Embodiments of the present invention include methods for editing and scanning unstructured data and text by using one or more external categories of data for the purpose of finding words and phrases in the unstructured environment which correspond to words and phrases in the external category. External categories of data are words and phrases that relate to the external category. External categories can be made for practically any subject. When a match (“hit”) is found, an output record is written to a table or a file. The output record may include the document name, the word that was a hit, and the external category. The process of using external categories of data is done either directly or indirectly to unstructured data.

Description

    CROSS-REFERENCE TO RELATED APPLICATIONS
  • This invention claims the benefit of priority from U.S. Provisional Application No. 60/729,830, filed Oct. 25, 2005, entitled “Unstructured Data Editing Through Category Comparison.”
  • BACKGROUND
  • The present invention relates to processing unstructured and structured data, and in particular, to unstructured data editing through category comparison.
  • Unstructured data typically comes in the form of email, transcripted telephone conversations, spreadsheets, documents, letters, and other forms. Individuals and corporations have used unstructured data for a long time. As the name suggests, there is no structure to unstructured data. There are no rules for writing emails. There are no rules for having a telephone conversation. Instead with unstructured data everything is free form.
  • Juxtaposed to unstructured data is structured data. Structured data is data that is formatted into records, tables and attributes. Typical computerized operating systems and database management systems operate on structured data. Structured records are typically placed in a file. Once in a file or a database, the records can be accessed and used for a variety of purposes. With structured data there is a regularity of the contents of the data. The same type of data appears and reappears in the different records. Structured data is ideal for computerized transaction processing, where bank transactions, airline reservations, insurance claims, manufacturing assembly work and so forth are executed.

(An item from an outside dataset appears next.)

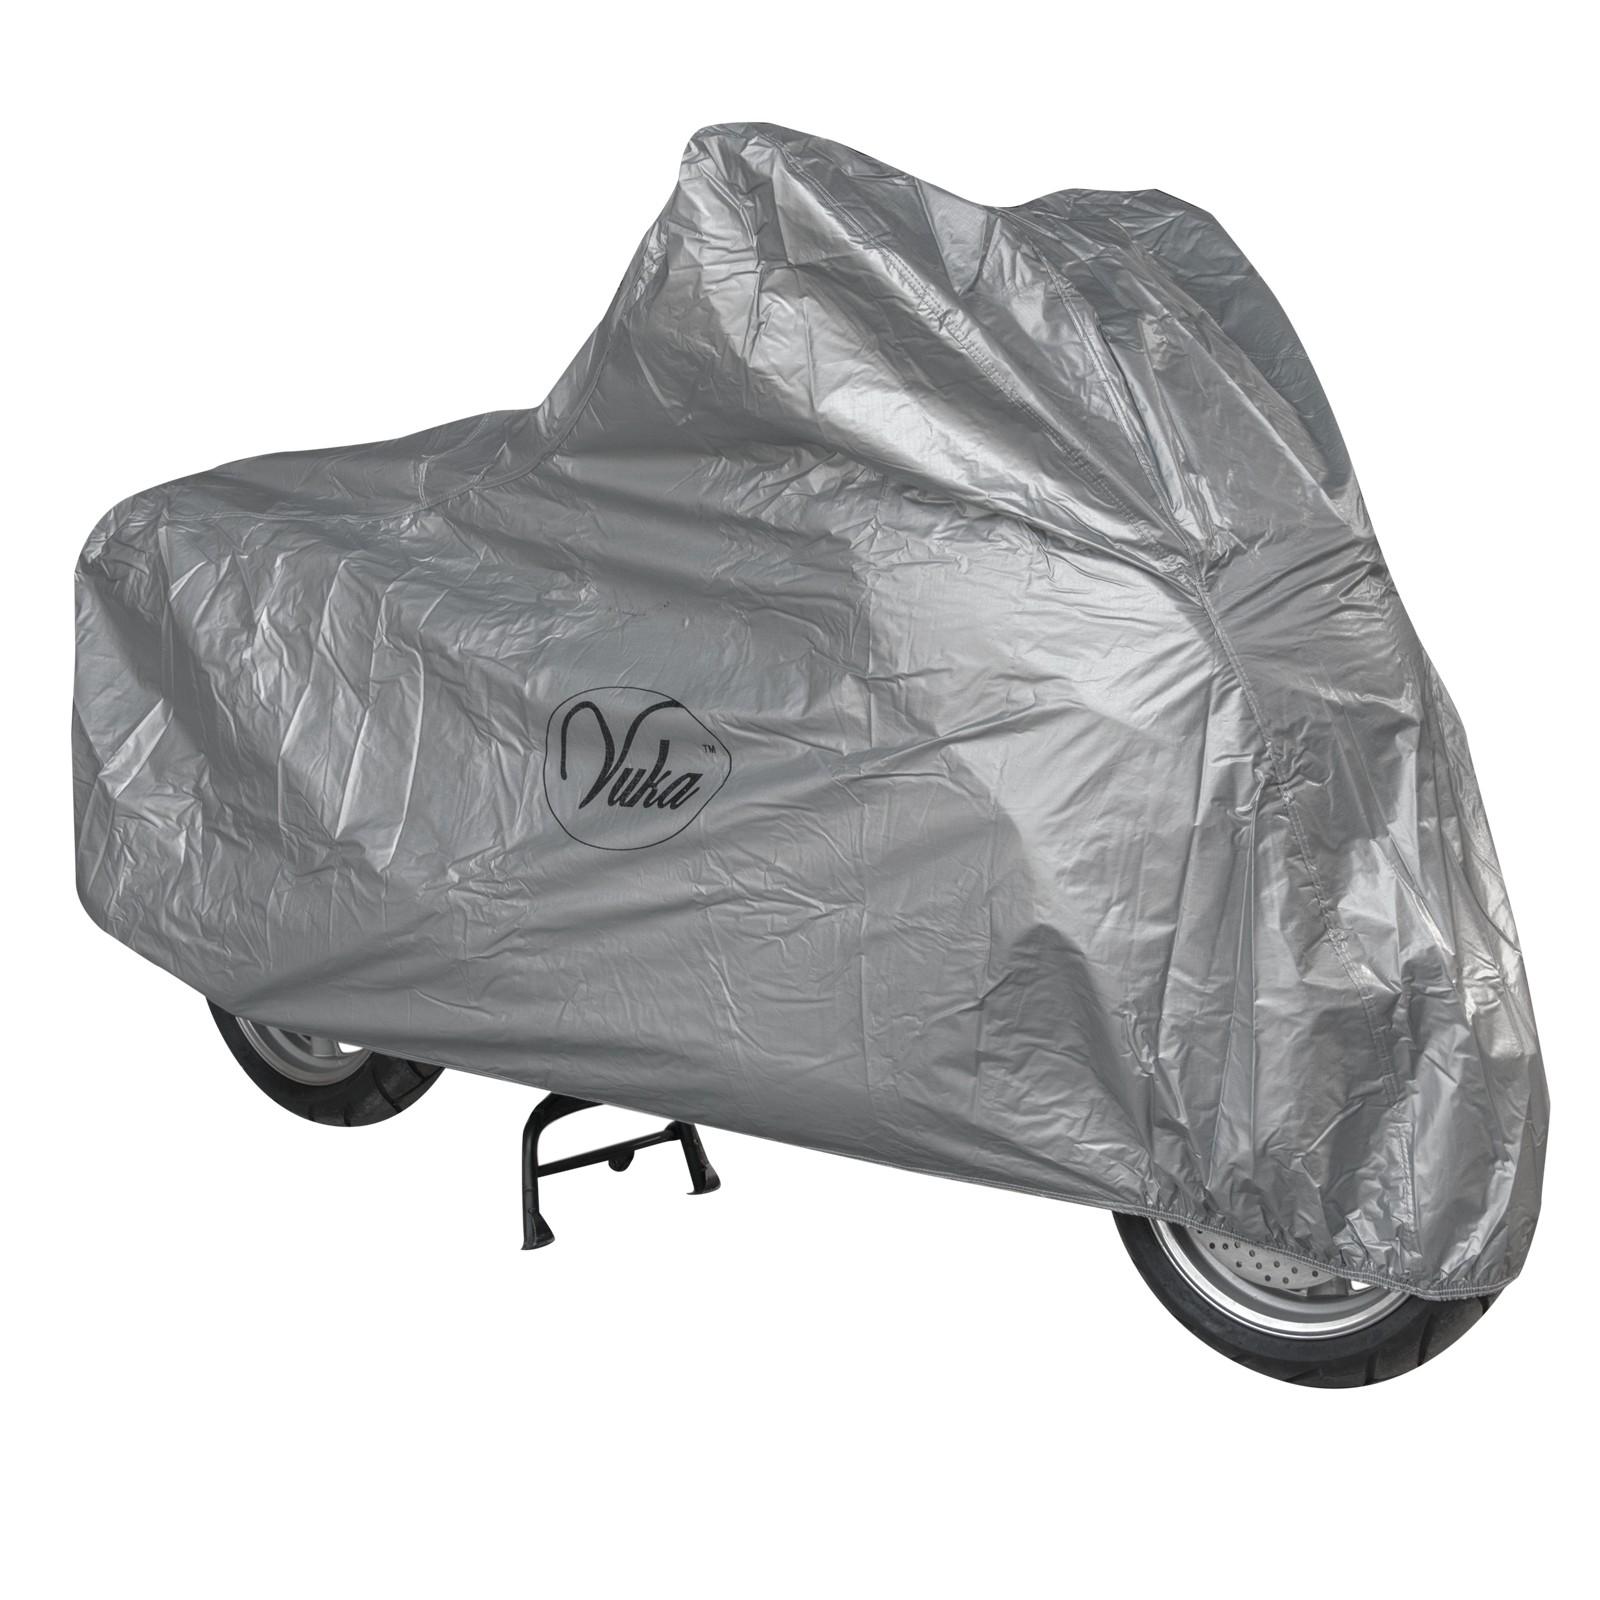 Telo Copri Moto Scooter Naked Customo Impermeabile PVC Resistente Universale

  • For years organizations have had both kinds of systems in their environment—unstructured data and structured data. For years these different environments have grown up beside each other. But there has been very little interaction between these environments. It is as if the two environments operated in complete isolation from each other. There is however great value in being able to merge and intertwine these two environments. Many different business opportunities emerge that would have not been possible had the two environments remained separate. As one simple example of the opportunities that arise when the two worlds are merged together, consider CRM—customer relationship management. In customer relationship management the organization attempts to form a close relationship with its customers and its prospects. The organization collects demographic data about the customer. But when communications—emails, telephone conversations, other documents—are added to the fray, the ability to get to know the customer is exponentially enhanced. And emails, telephone conversations, and documents are all forms of unstructured information. Therefore, for organizations that want to engage in CRM, adding unstructured data to the structured CRM environment enables entirely new and powerful types of processing. There are many other important examples of possibilities of applications when the gap between structured data and unstructured data is bridged. Other applications include monitoring of compliance, such as compliance to Sarbanes Oxley, HIPAA and Basel II, the enforcement of standards, and so forth.
  • There are many problems associated with merging structured data and unstructured data. One of the major problems is the internal organization of the data itself. In a word, structured data is highly controlled and disciplined. There is strict control over structured data. But there is little or no control or discipline for unstructured data. The result is that when the two types of data are merged, there is a colossal mismatch. If you want anything meaningful, you simply do not merge structured data and unstructured data together. In order to have any meaningful merger of structured and unstructured data, it is necessary to carefully manipulate the unstructured data (e.g., text) so that the unstructured data can be placed in a form and format that is compatible with and useful to structured data.
  • One of the many problems of preparing unstructured data for merger with structured data is that of determining what words and phrases in the unstructured text are relevant and useful to business problems. This is especially important in light of the many different meanings of the same word or phrase in the English language. For example, the word—“book” can mean very different things. The meaning of “I read a book on the airplane trip.” is quite different from “I was booked into jail last night.” The English language is full of such homographs. What is needed is a way to resolve the different meanings of words and to relate those words to business problems and issues.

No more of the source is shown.